### What is being asked
Reproduce the complete set of records exactly. No picture is to appear in the copy.

Stored dataset items:
=== Begin Enclosure ===

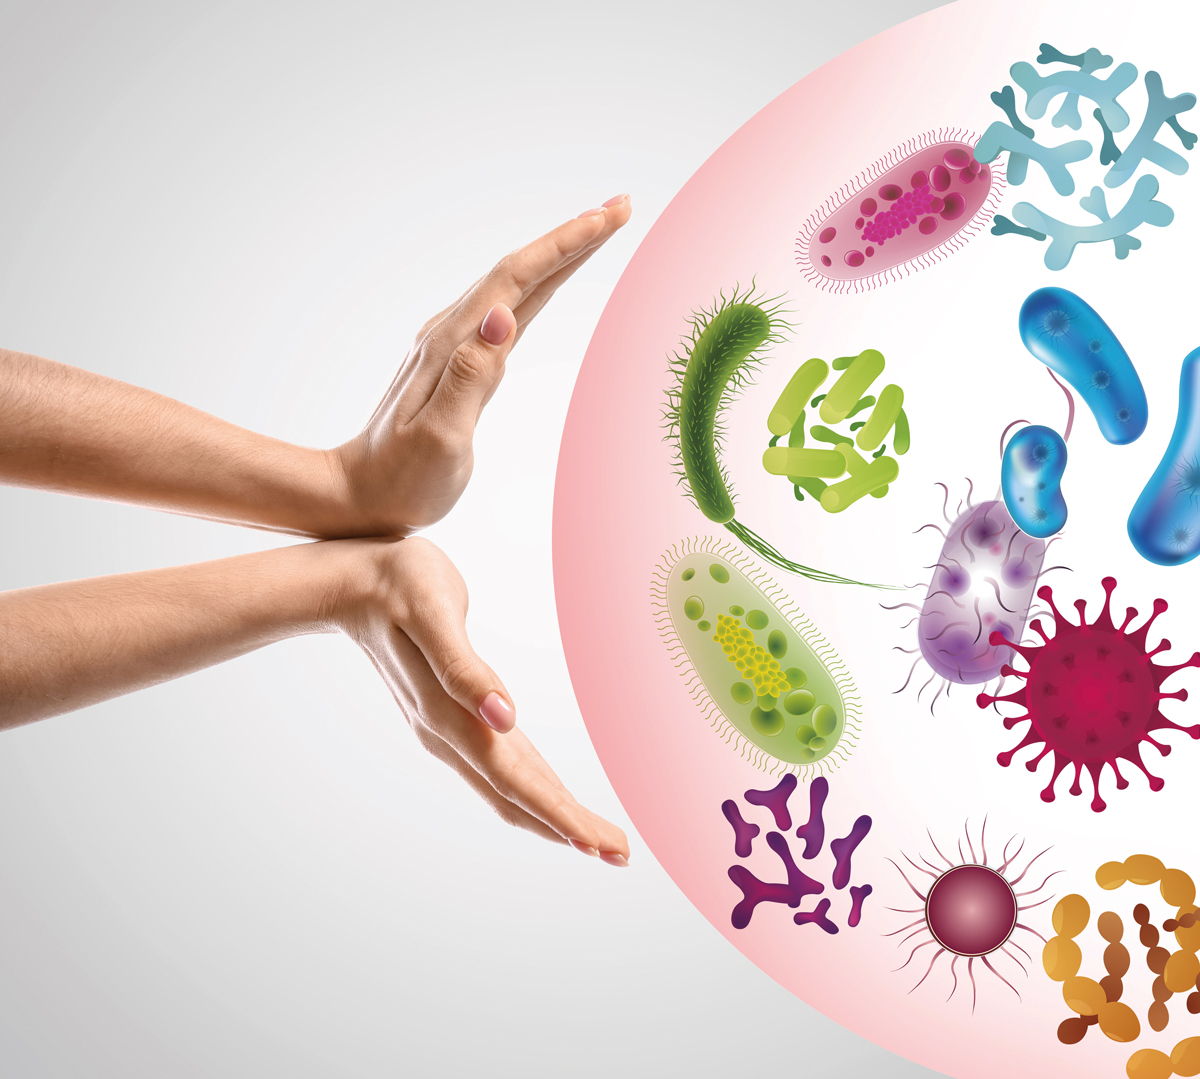 Hände halten Infektionen - Bakterien und Keime - auf
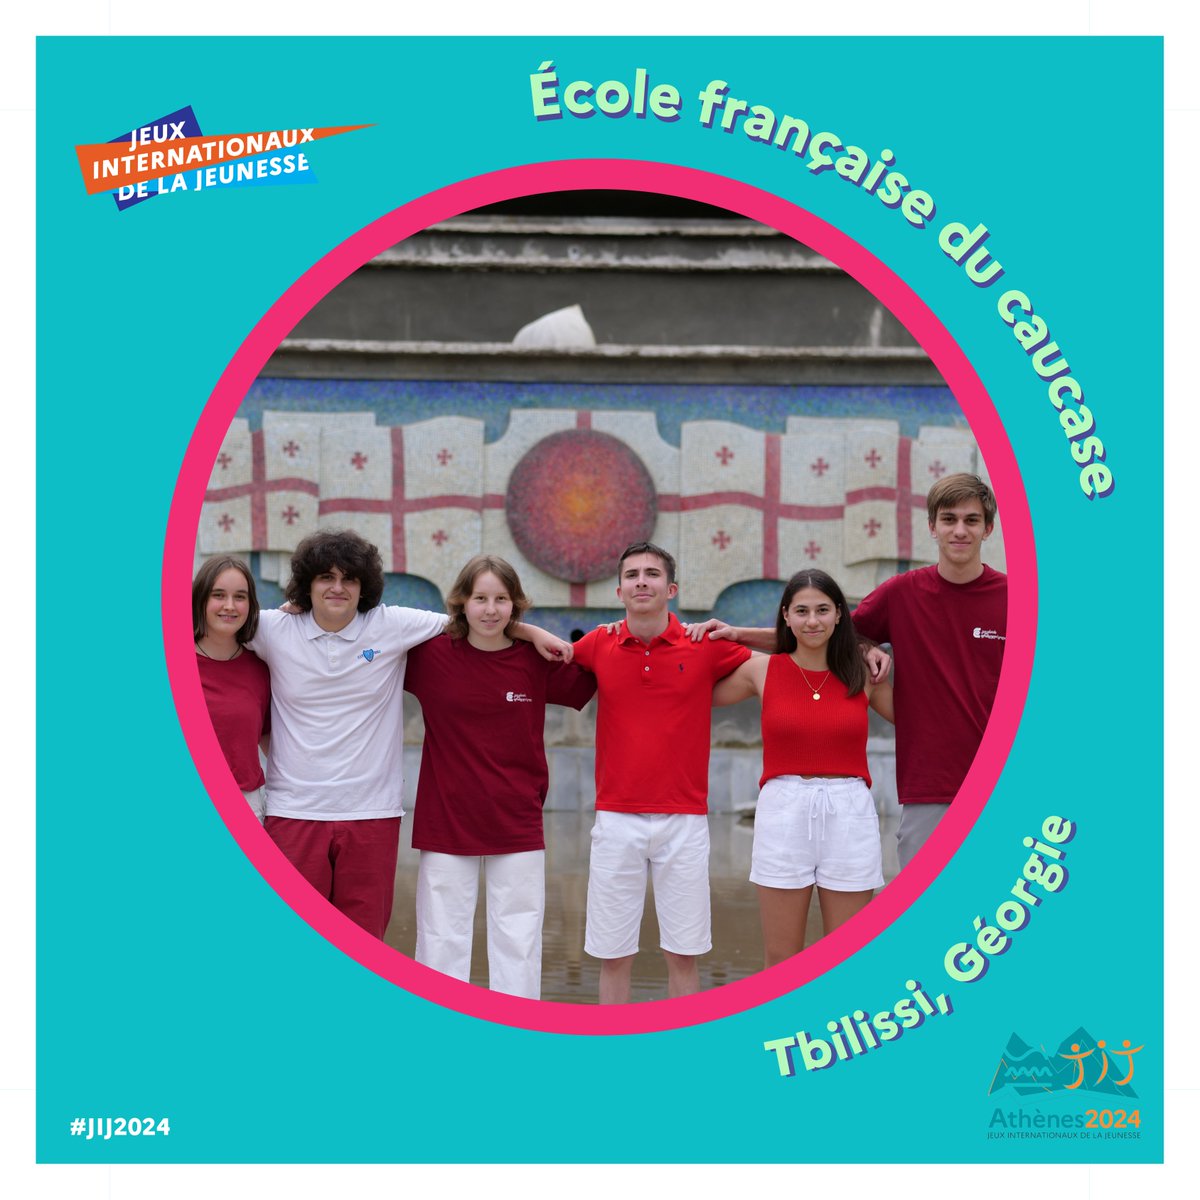 Nouvelle vague de présentation des équipes des #JIJ2024🏄‍♀️ Voici l’équipe de l’école française du Caucase à Tbilissi en Géorgie 😍 💬Découvrez leur message sur Instagram : urlz.fr/qGIu
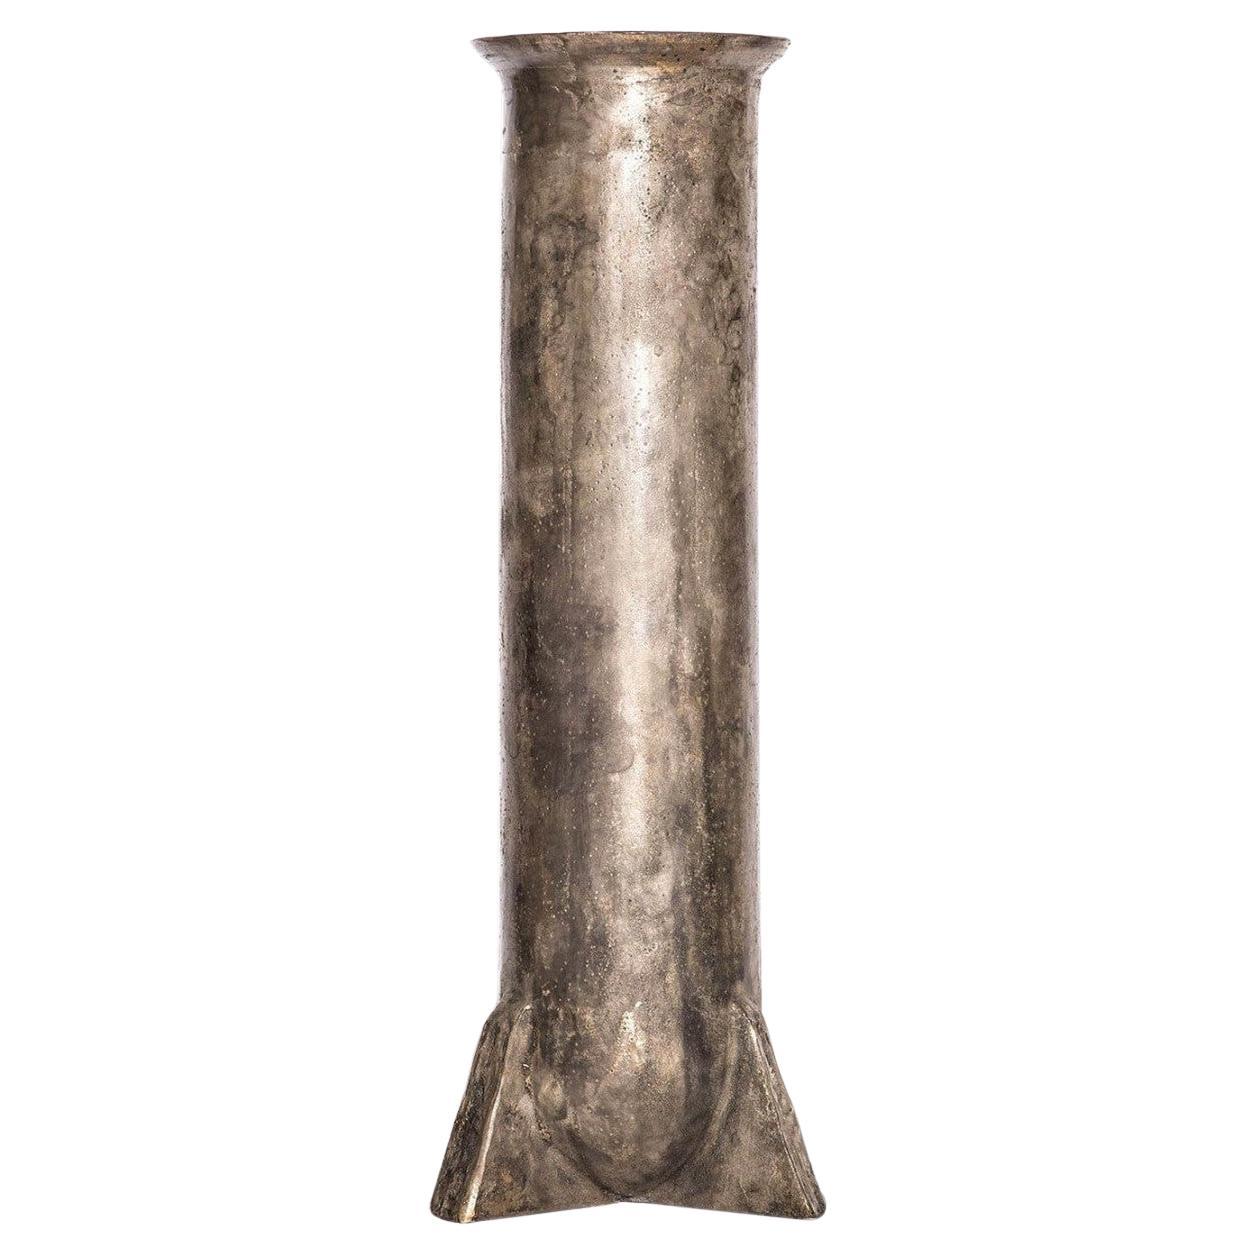 Vase en bronze contemporain, Urnette by Rick Owens
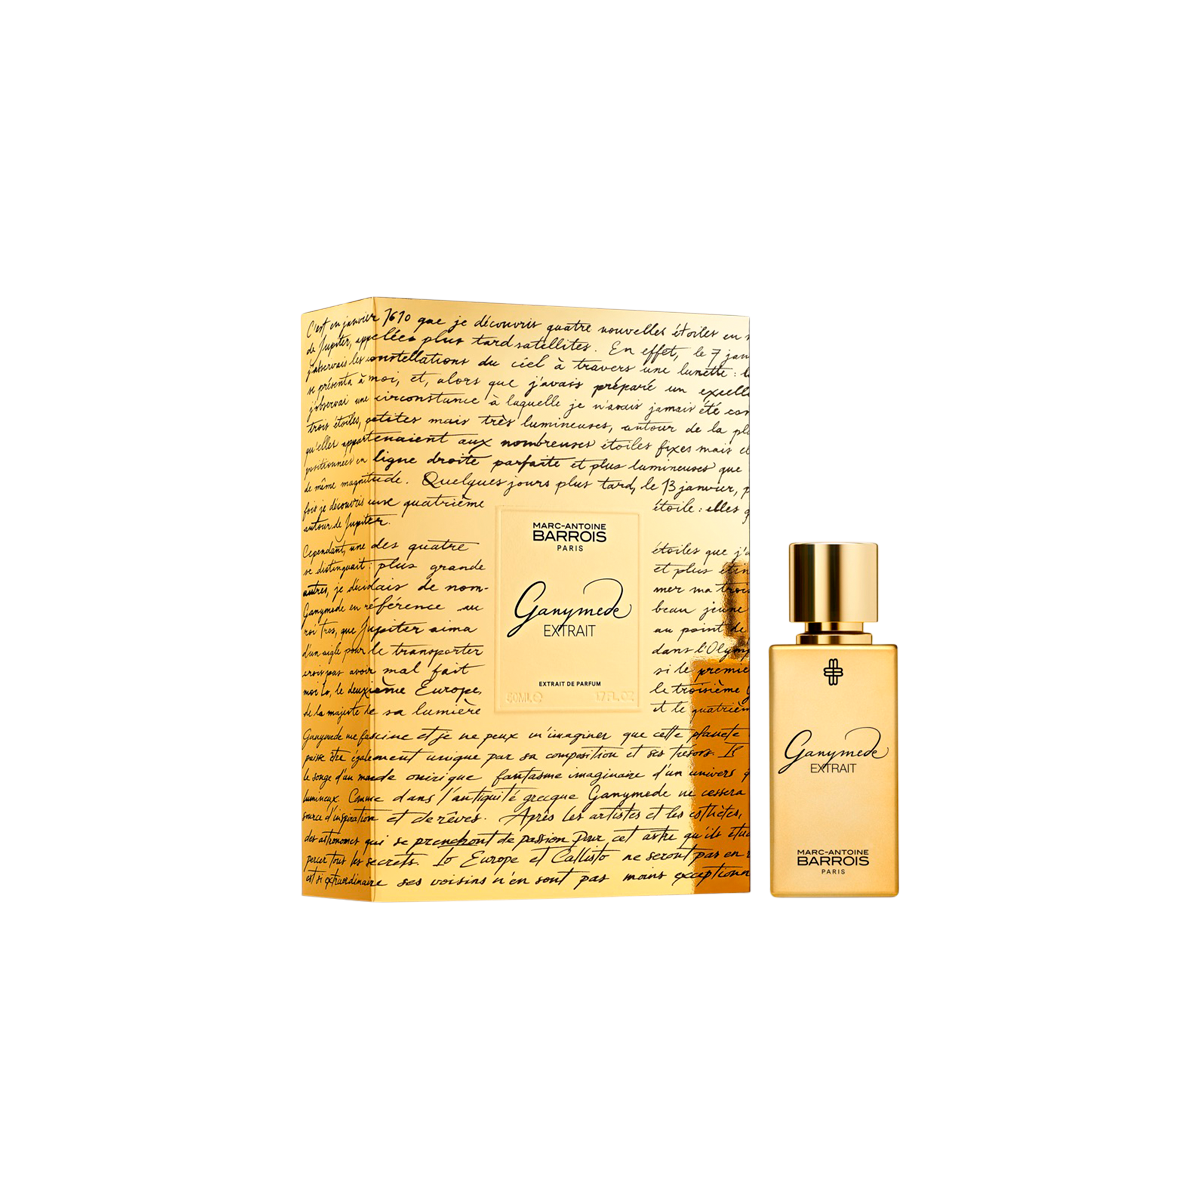 Marc-Antoine Barrois - Ganymede Extrait de Parfum
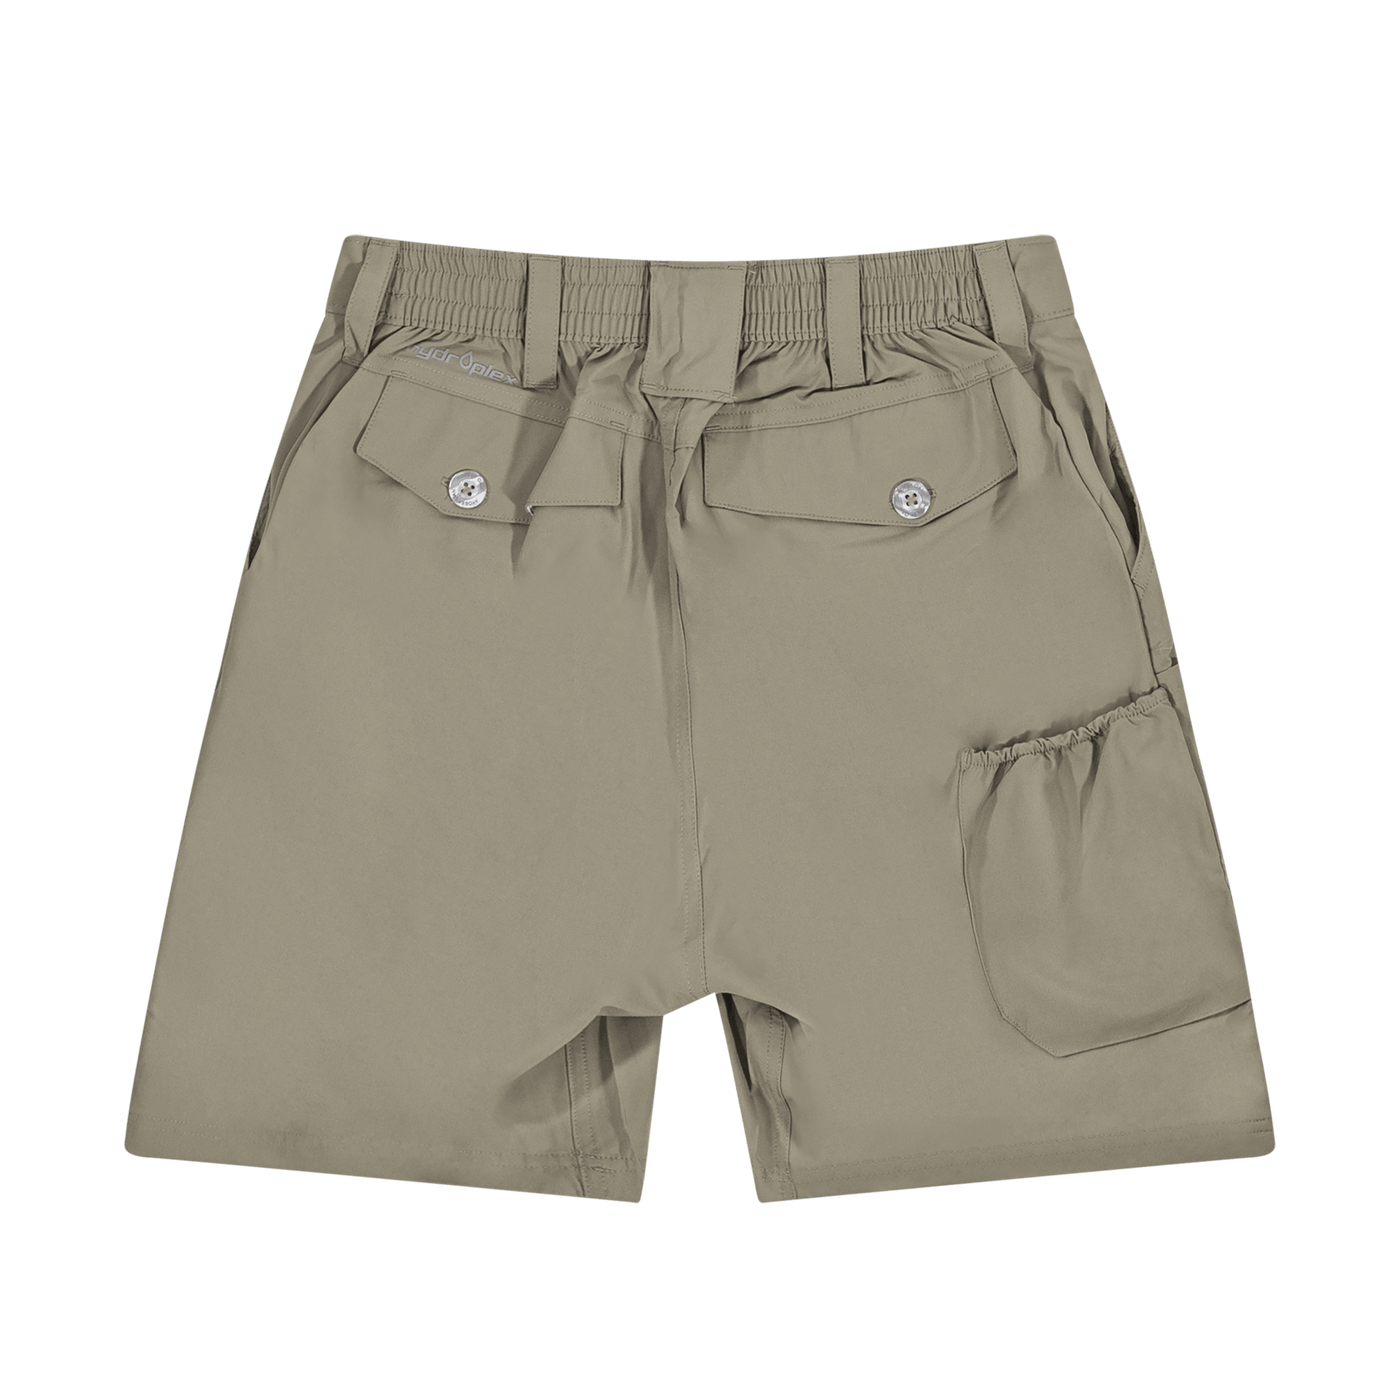 Mossy Oak Men's Fishing Board Shorts – The Mossy Oak Store

=== End Enclosure ===

### Reply
 Hände halten Infektionen - Bakterien und Keime - auf
 Nouvelle vague de présentation des équipes des #JIJ2024🏄‍♀️ Voici l’équipe de l’école française du Caucase à Tbilissi en Géorgie 😍 💬Découvrez leur message sur Instagram : urlz.fr/qGIu
 Vase en bronze contemporain, Urnette by Rick Owens
 Marc-Antoine Barrois - Ganymede Extrait de Parfum
 Mossy Oak Men's Fishing Board Shorts – The Mossy Oak Store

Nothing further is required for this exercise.